• Source material:
════════════════

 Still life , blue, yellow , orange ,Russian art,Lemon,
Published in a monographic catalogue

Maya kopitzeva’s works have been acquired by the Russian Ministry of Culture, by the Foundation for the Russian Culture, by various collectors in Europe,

════════════════

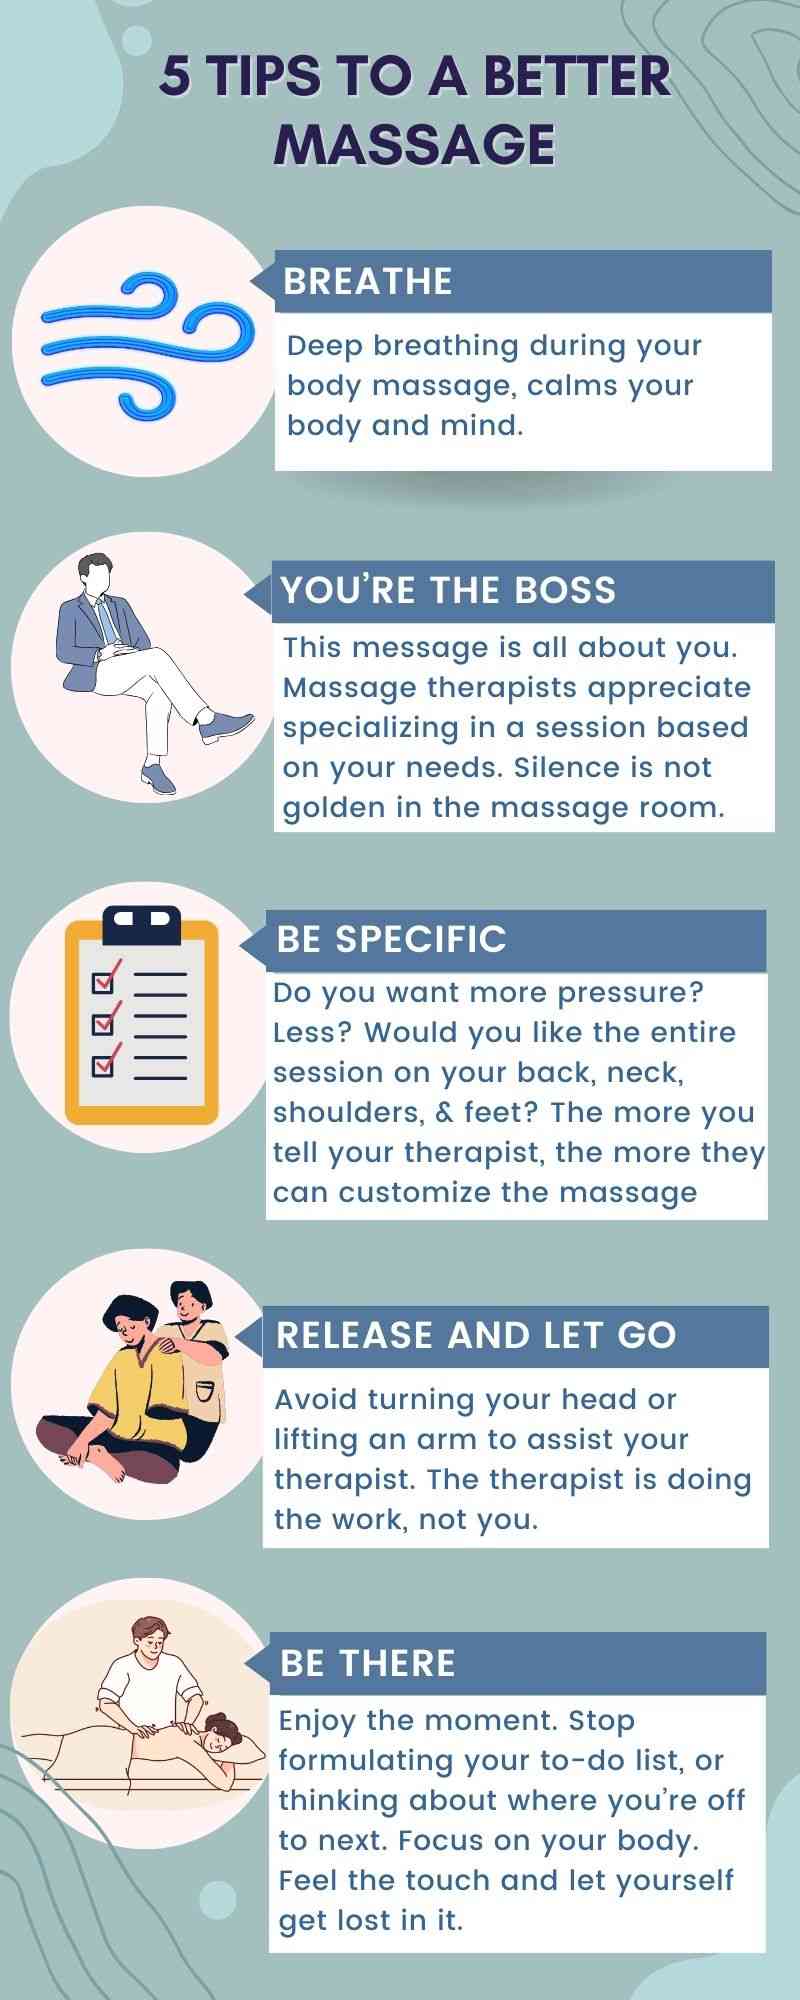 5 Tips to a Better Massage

════════════════

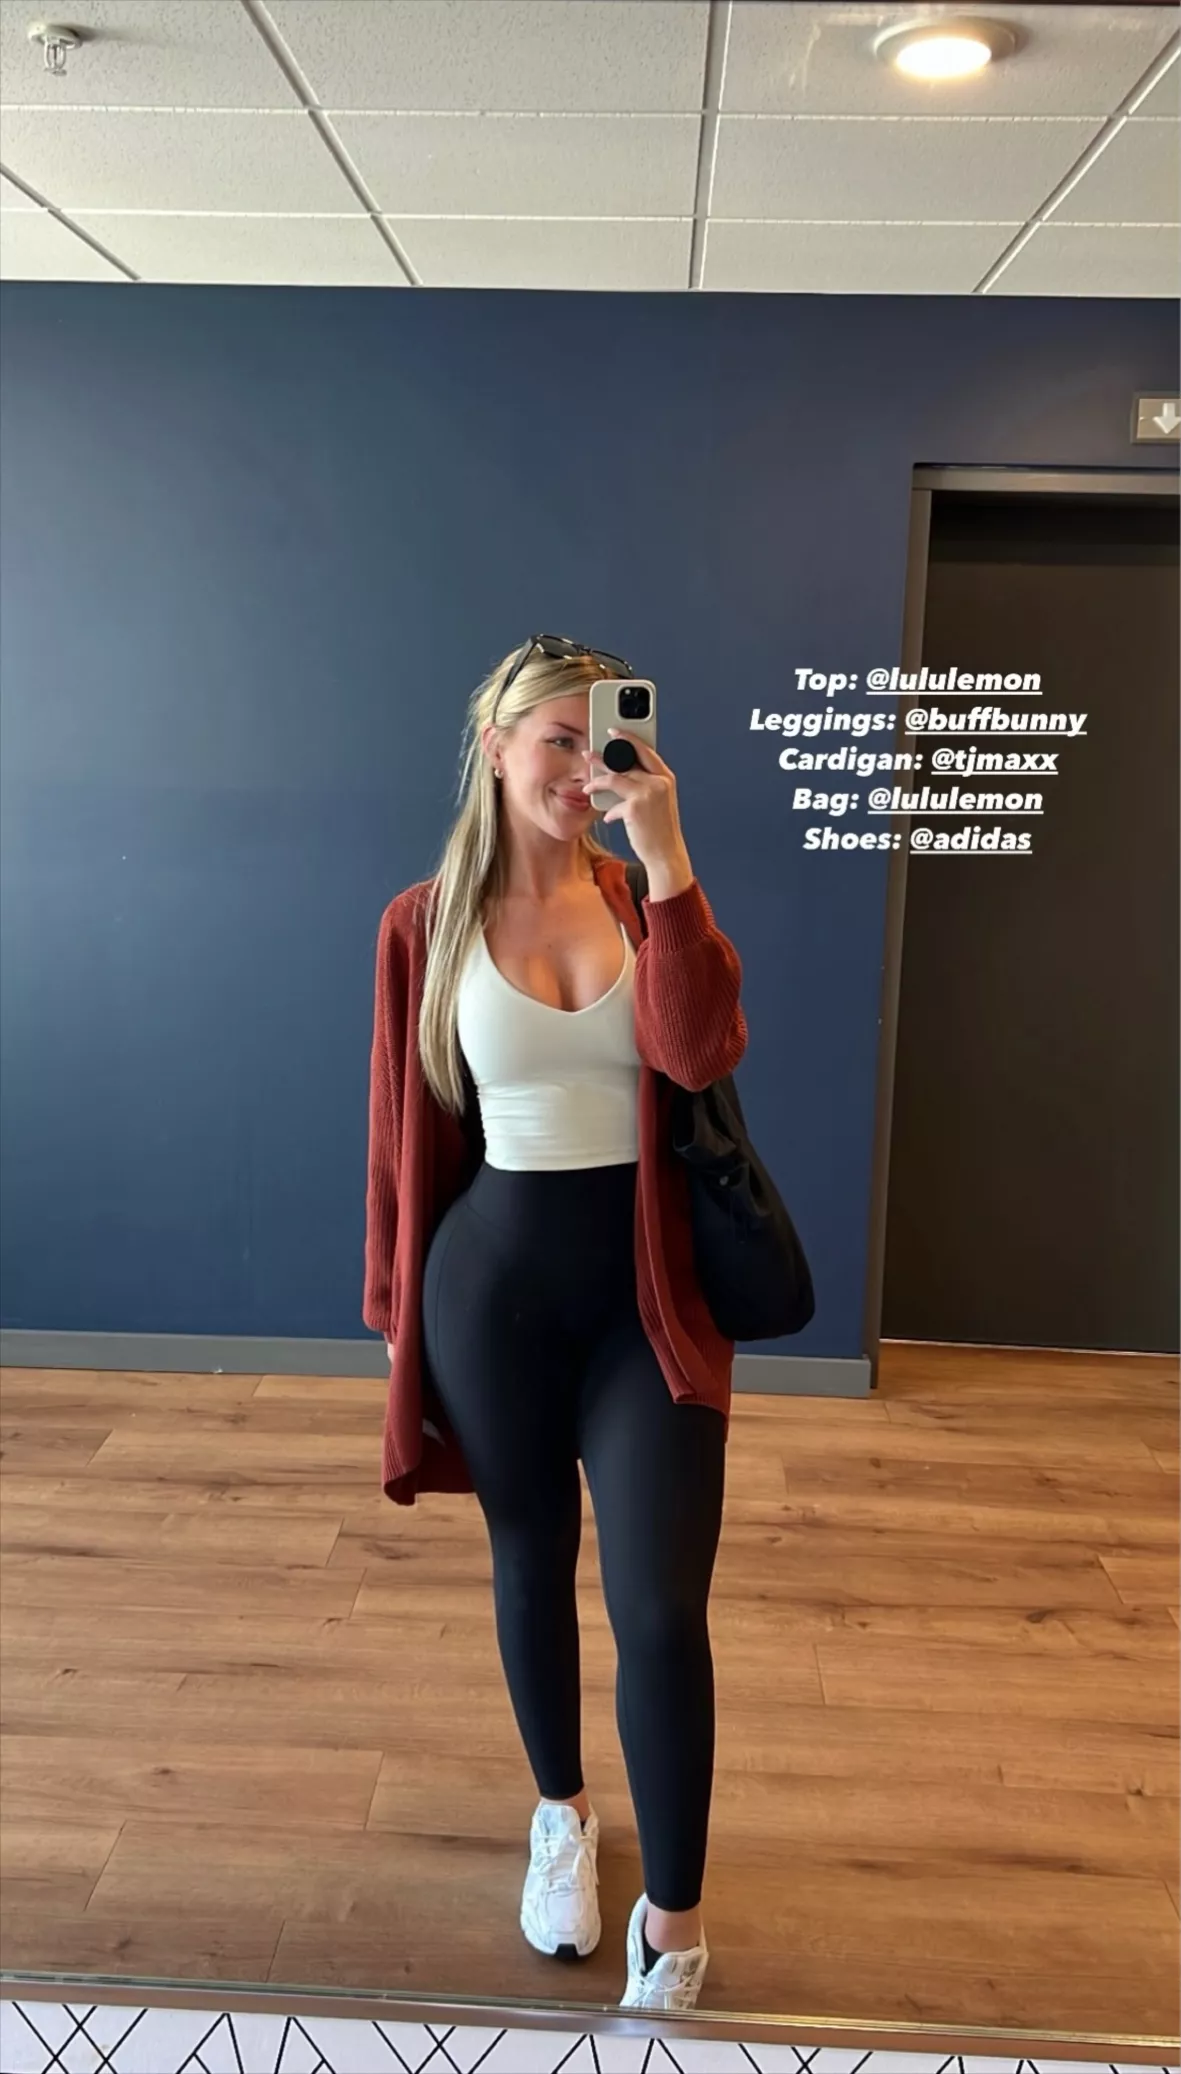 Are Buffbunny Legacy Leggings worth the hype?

════════════════

• Exercise instructions: Write down again, exactly as given, only the lines above that fall from the line with "Still life , blue, yellow" to the line with "Maya kopitzeva’s works", inclusive.

• Completed exercise:
 Still life , blue, yellow , orange ,Russian art,Lemon,
Published in a monographic catalogue

Maya kopitzeva’s works have been acquired by the Russian Ministry of Culture, by the Foundation for the Russian Culture, by various collectors in Europe,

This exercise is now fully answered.